Naylor smiled, but there was no malice in it. ‘So you don’t know everything,’ he said, ‘but you’re still taking her side, just like everyone else did. They all favoured her, even then – the vicar and his wife, the newspapers, the authorities. She was the little girl, the clever one, the angel.’

‘You mean Alex Fielding …’

‘Was my sister, yes. Alice, as you knew her, although she never acknowledged that when she grew up.’ He accepted a cigarette from the packet that Penrose passed across the table. ‘Alex was my sister, and she looked out for me – putting me up in her living room, getting me a run-of-the-mill job in the place where she shone, sweeping me the crumbs off her table. But that was all right.’ He obviously sensed Penrose’s scepticism, because he added: ‘Really, it was. It was all right because I loved her and she loved me. Even what happened eighteen years ago was bearable because we faced it together. She never forgot your kindness, you know.

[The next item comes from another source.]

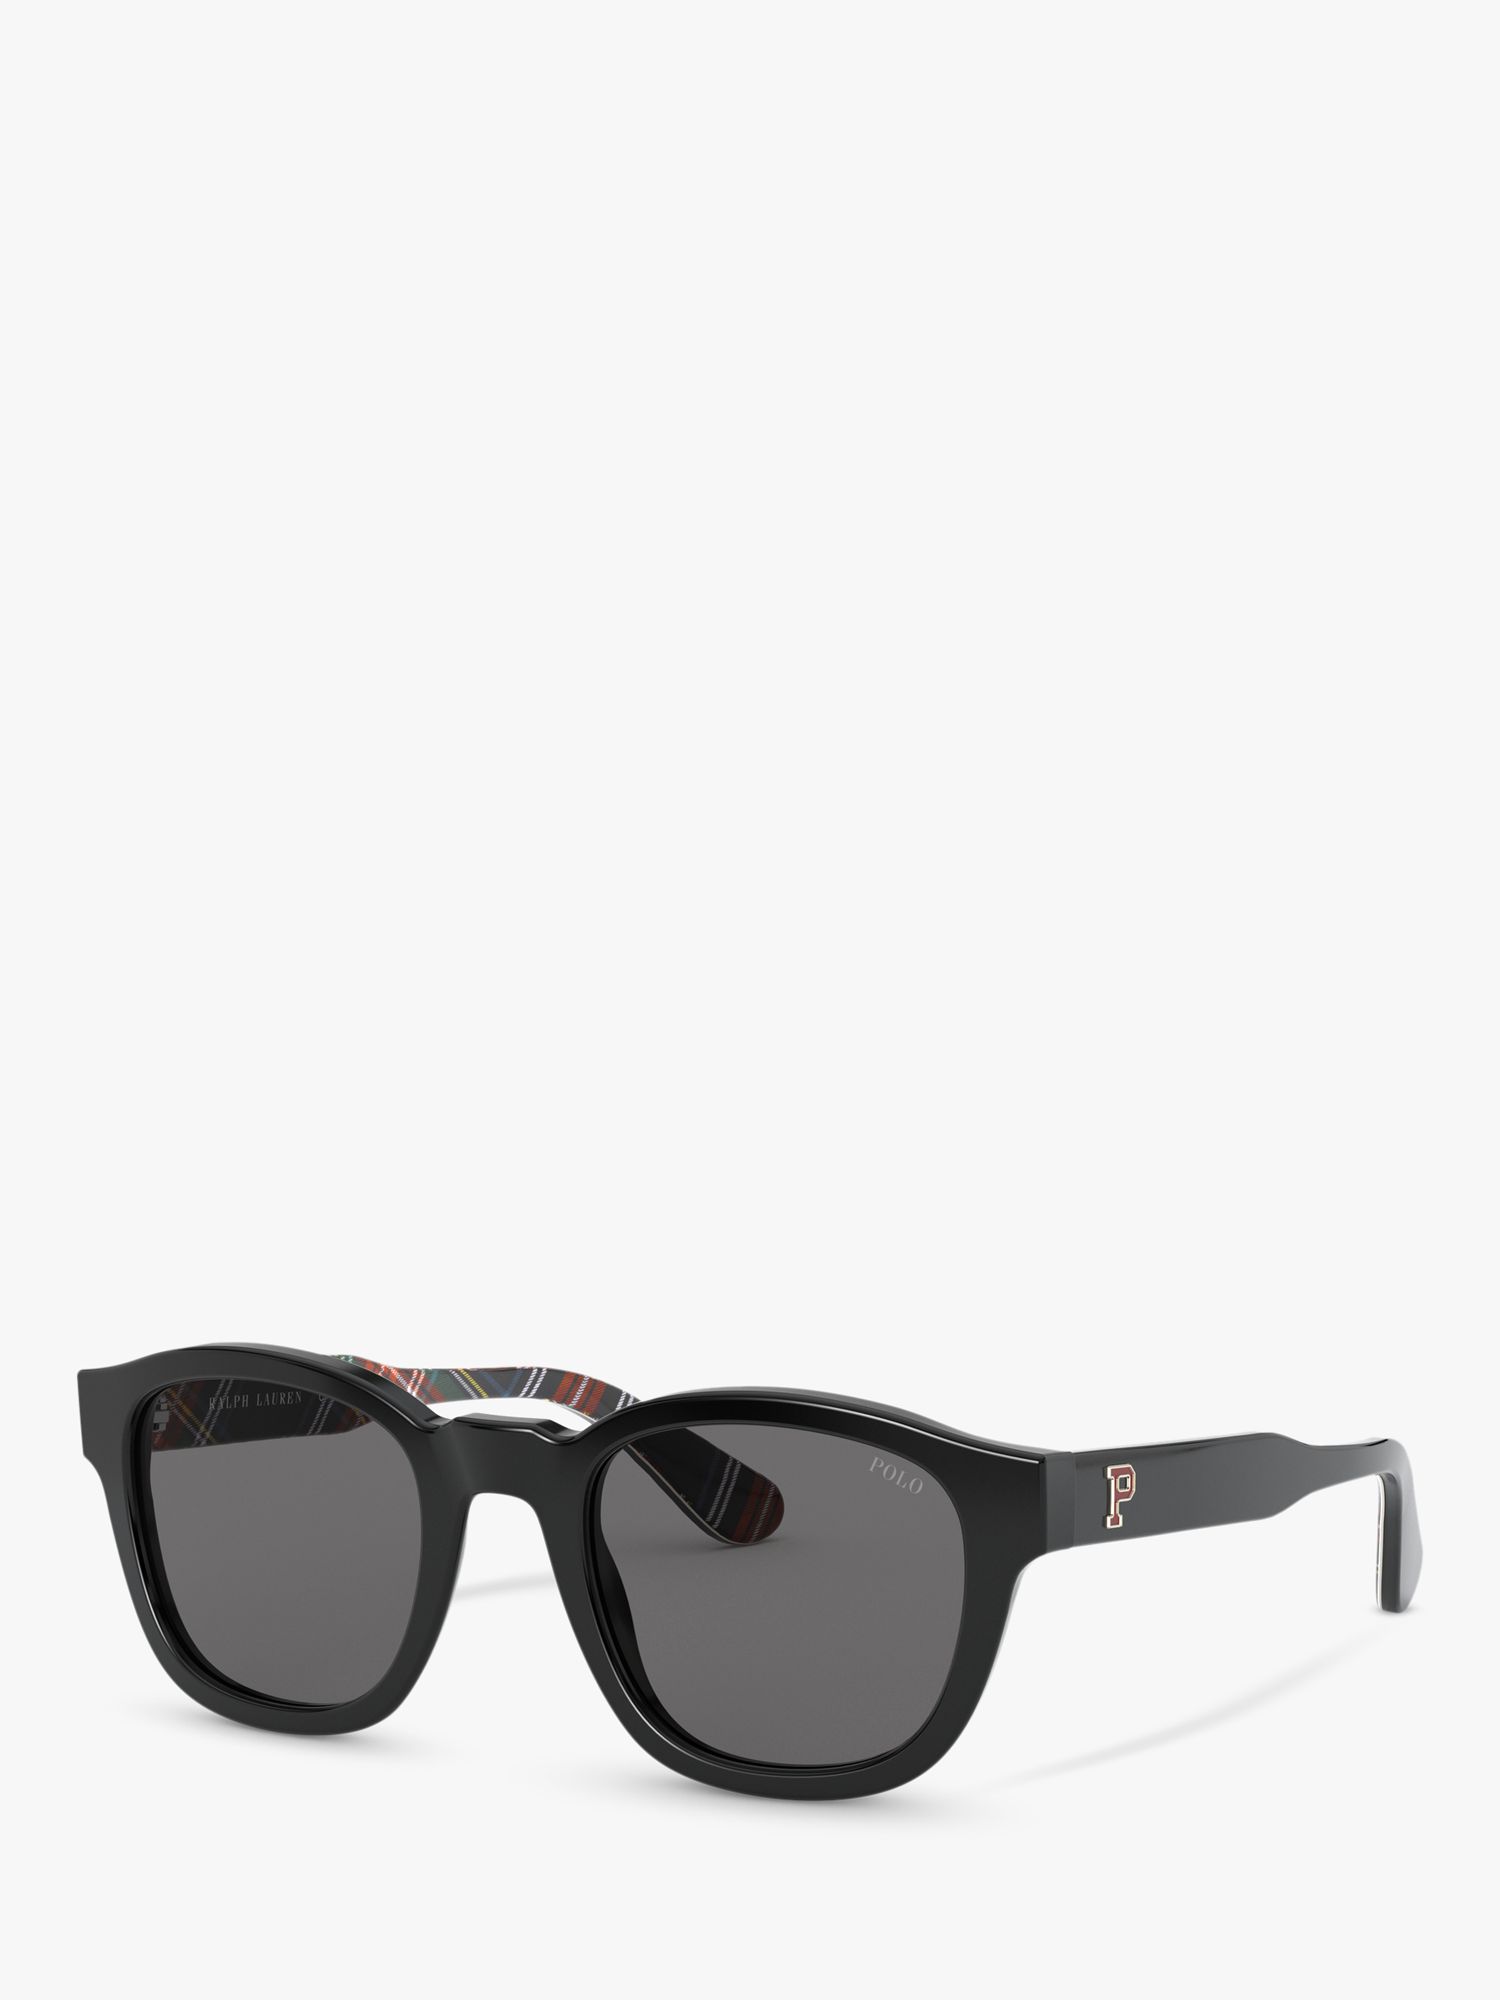 polo ralph sunglasses

Neither of us did, but she worshipped you.’

It came again, that familiar feeling of desolation that Penrose would have found hard to explain. ‘And what did happen eighteen years ago? Do we know the truth, or was there more to it?’

Naylor ignored the question, lost in his thoughts, and Penrose knew that he would have to wait for the story to unravel in its own time. ‘My sister said you saved her life that day. I always thought I’d done that, but apparently not.’

‘What did she mean?’

He shrugged. ‘That you’d given her a sense of purpose, I think. Do you remember? After you found us, we had to go back inside the house to wait for Hartley to come and collect us, and that policeman’s case was at the bottom of the stairs. You caught us playing with one of the cameras, and we thought you were going to tell us off, but you sat us both down and showed us how it worked. You’ll have noticed from my efforts this morning that Alex listened better than I did.’ His fingers moved restlessly, absentmindedly fastening and unfastening one of the buttons on his jacket. ‘You showed her how to take her first photograph, and you promised to bring it to her when it was developed. I didn’t believe you, but you kept your word – that time, at least.’ Naylor reached into his jacket pocket and pulled out a tattered image of himself as a little boy, and the forced smile in the picture seemed out of place against the pale face and haunted eyes. ‘Alex treasured this. It killed her when you stopped coming to see us.’